Data shows surge in harassment complaints at CRA, RCMP
By Christopher Reynolds
OTTAWA — Complaints of workplace harassment and violence have risen sharply at several federal departments and agencies in recent years, according to internal data.
The Canada Revenue Agency (CRA) saw harassment complaints jump 82 per cent to 166 between 2016-17 and 2018-19.
The RCMP says it received 1,132 harassment complaints over a five-year period, with numbers increasing by more than 50 per cent between 2015 and 2017 before levelling off.
The RCMP figures follow an independent report in November on misogyny and homophobia in its ranks that called for fundamental change to rid the Mounties of a toxic culture.
At Canada Post, the number of complaints about workplace violence has grown every year since at least 2011, doubling to 641 between 2011 and 2015 and swelling to 870 in 2019.
Harassment complaints filed to Fisheries and Oceans Canada shot up to 66 in 2018-19 from four in 2016-17.
In a response to an order paper question from the NDP, the CRA said the figures “are not necessarily an indication of more discrimination and harassment,” but rather the result of greater public awareness and beefed-up internal processes that encourage victims to come forward.
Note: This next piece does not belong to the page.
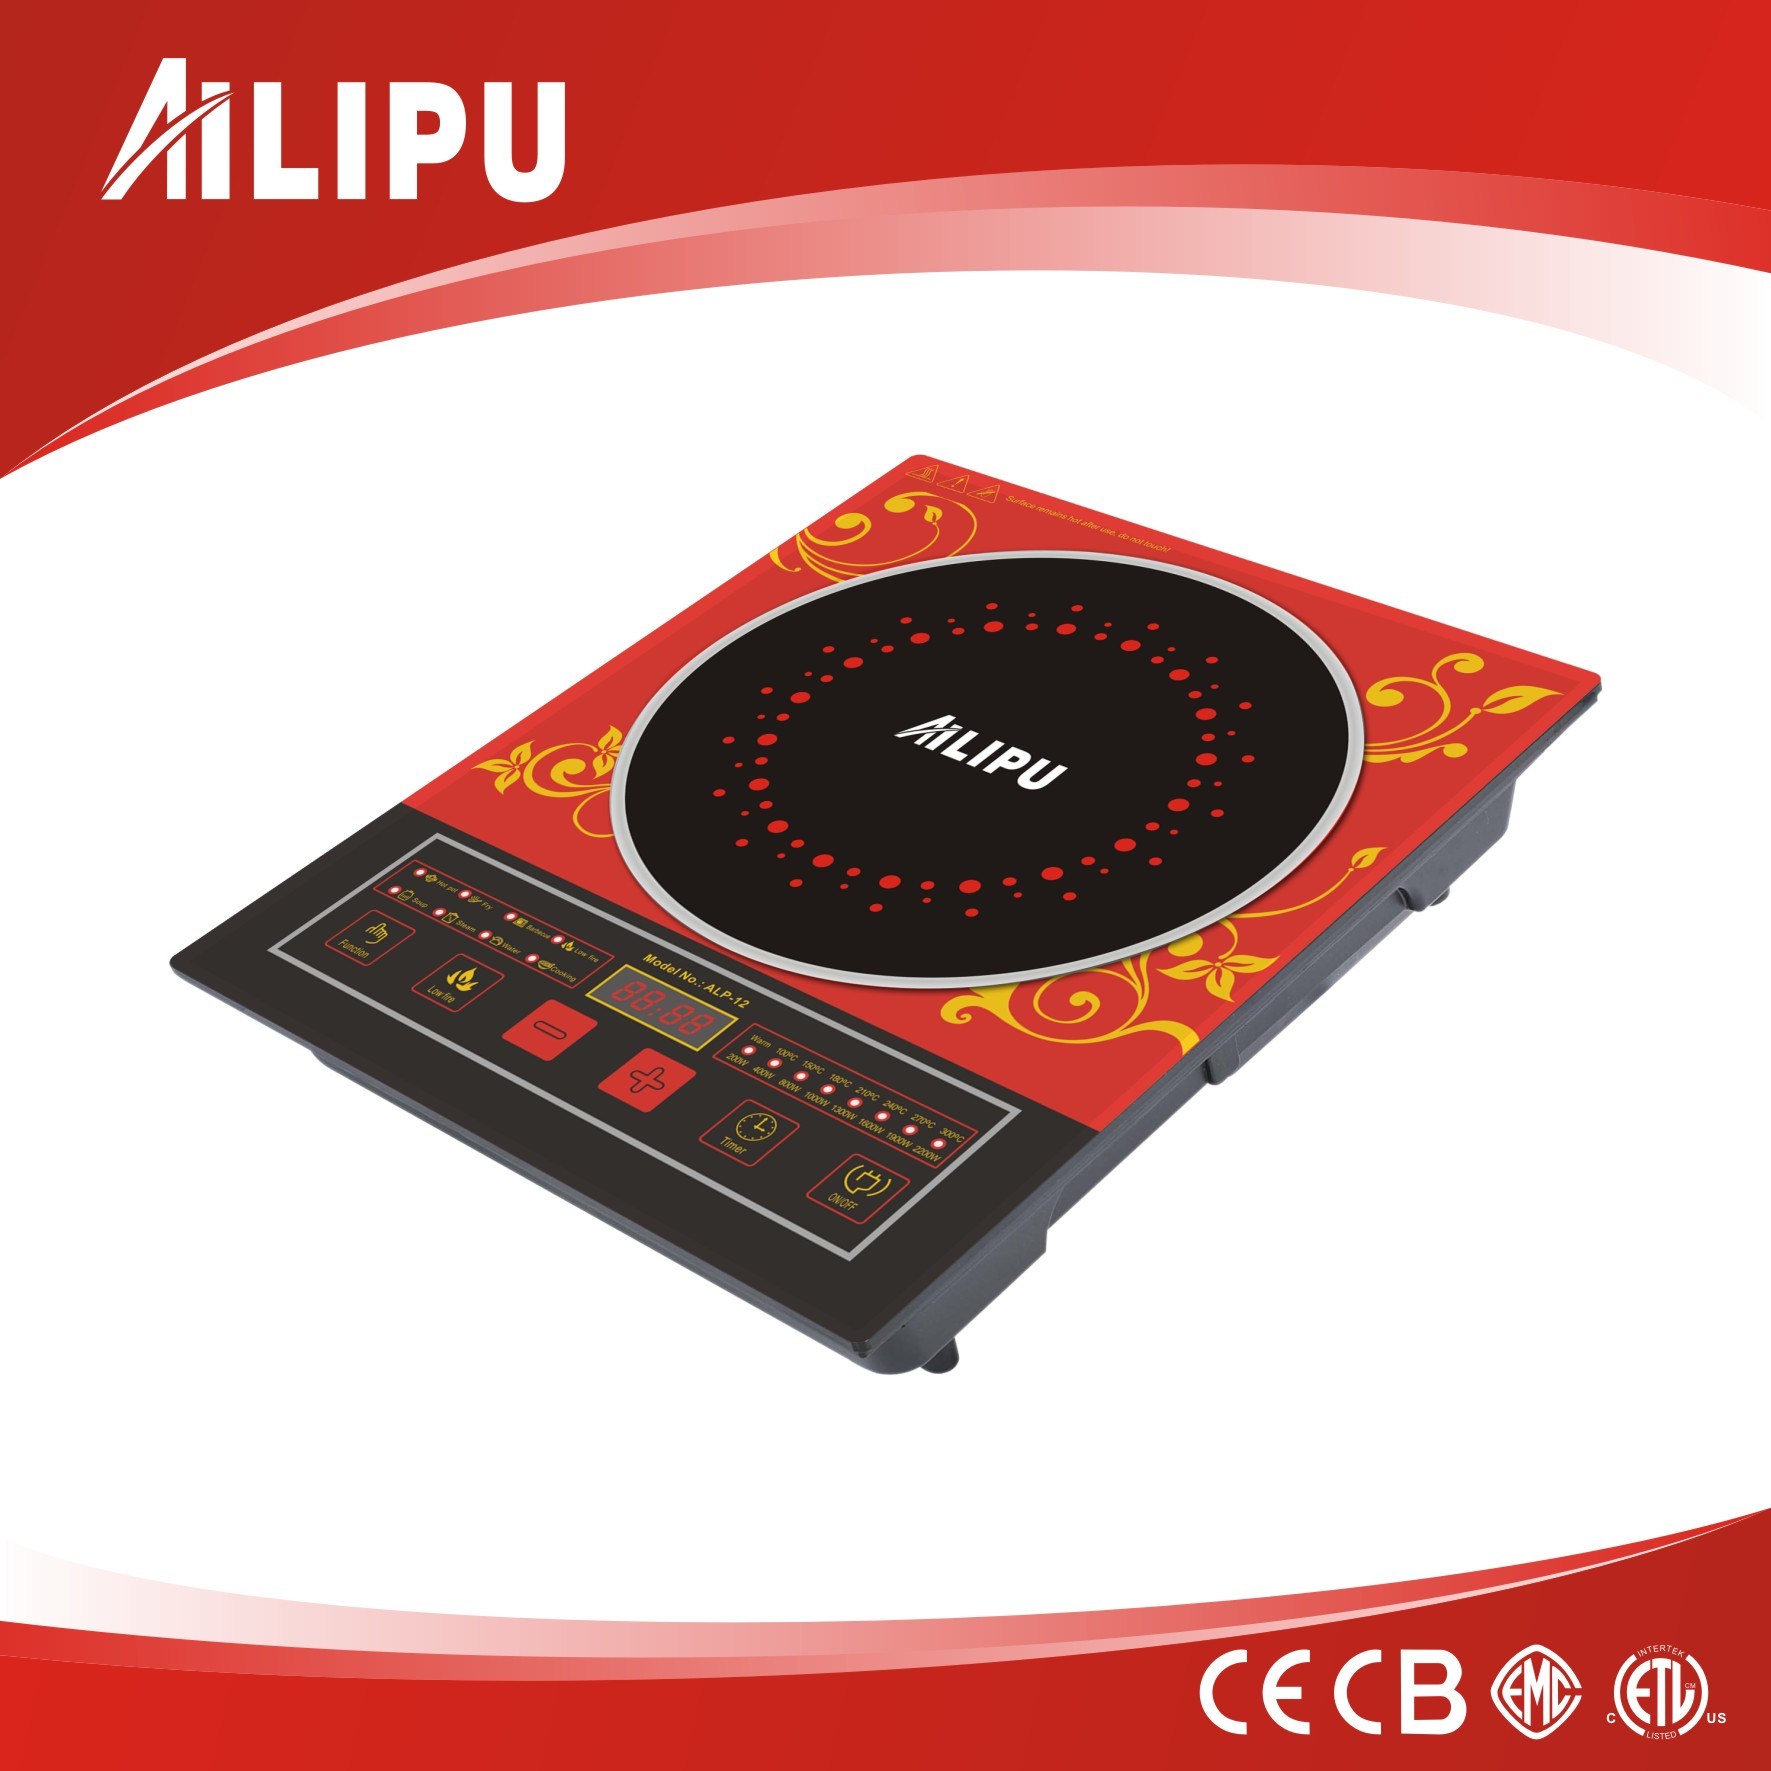 Alipu Hot Home Appliance, Induction Hob, Kitchenware, Electric Cooking Plate (APL-A12)

“It is not clear whether these statistics can be attributed to an increase in reporting or an increase in incidents,” Mary-Liz Power, press secretary for Public Safety Minister Bill Blair — who oversees the RCMP — said in an email.
She highlighted efforts that include an Independent Centre for Harassment Resolution set to launch this summer and a management advisory board established in 2019 to identify internal policy improvements around violence and harassment at the police agency.
New Democrats sought to link the higher complaint tallies to the Liberal government, which the NDP says has avoided reforms toward a healthier environment for federal employees.
“In the context of the investigation report on the former governor general that led to her resignation … the Liberals knew that federal workers were increasingly subjected to a toxic and insecure working climate and failed to take the right measures to improve the working conditions of civil servants,” NDP labour critic Scott Duvall said in an email.
The accusation comes after reports of habitual bullying and belittling of staff by Julie Payette, who stepped down as governor general last month.
Duff Conacher, co-founder of advocacy group Democracy Watch, said the federal integrity commissioner and a broader consciousness around workplace mistreatment have helped root out bad actors, but the government has not followed through on recommendations from a parliamentary committee to protect whistleblowers in the public service.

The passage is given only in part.